The tour will be held on ICPC island, a miraculous one on the Pacific Ocean. We list N places (indexed from 1 to N) where the visitors can have a trip. Each road connecting them has an interest value, and this value can be negative (if there is nothing interesting to view there). Simply, these N places along with the roads connecting them form a tree structure. We will choose two places as the departure and destination of the tour.

Since September is the festival season of local inhabitants, some places are extremely crowded (we call them crowded places). Therefore, the organizer of the excursion hopes the tour will visit at most K crowded places (too tiring to visit many of them) and of course, the total number of interesting value should be maximum.

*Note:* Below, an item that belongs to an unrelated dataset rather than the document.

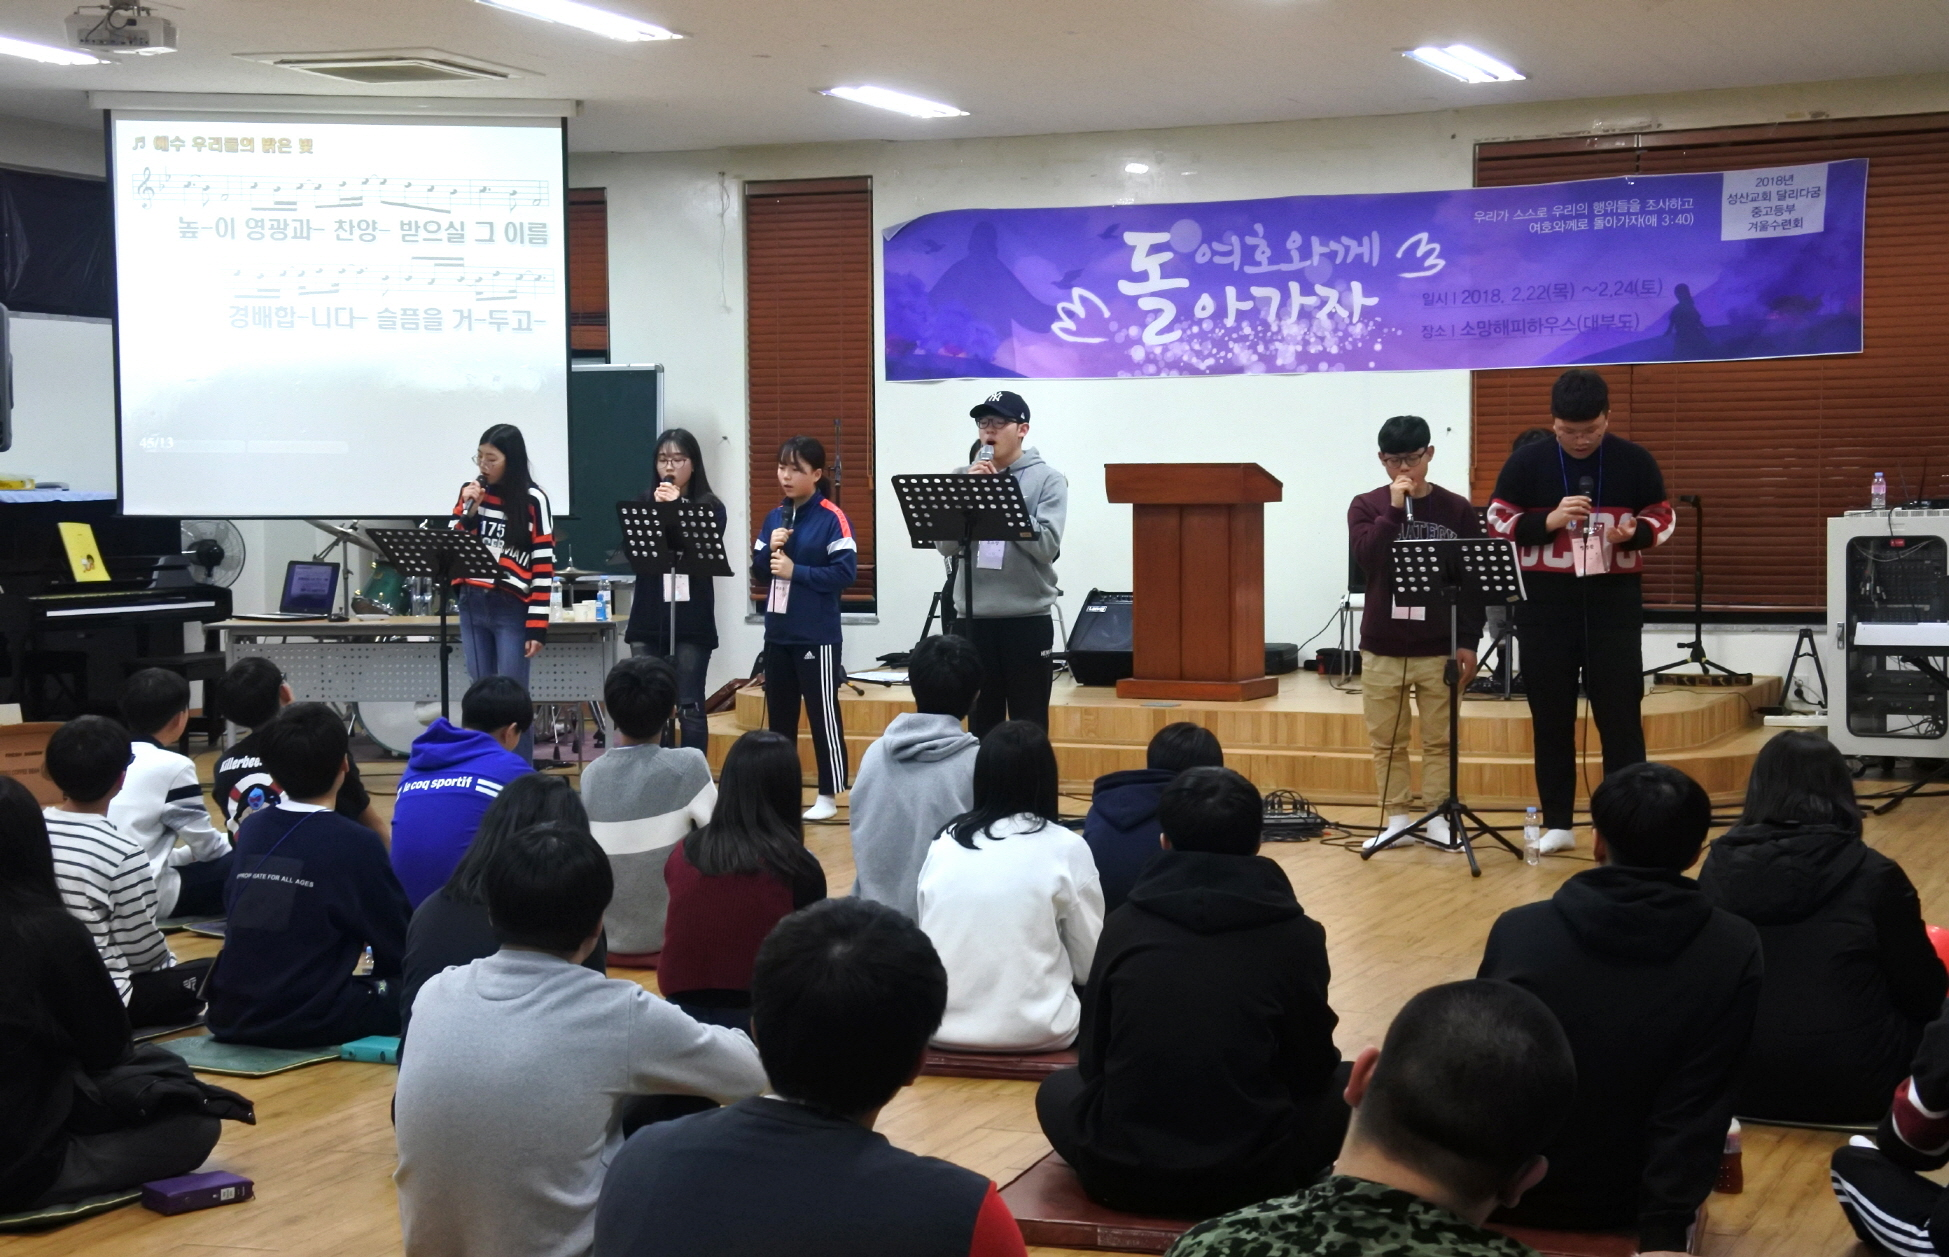 작은크기_05첫날집회 (01).JPG

Briefly, you are given a map of N places, an integer K, and M id numbers of crowded place. Please help us to find the optimal tour. Note that we can visit each place only once (or our customers easily feel bored), also the departure and destination places don’t need to be different.

Input

There is exactly one case. First one line, containing 3 integers N K M, with 1 <= N <= 200000, 0 <= K <= M, 0 <= M <= N.

Next M lines, each line includes an id number of a crowded place.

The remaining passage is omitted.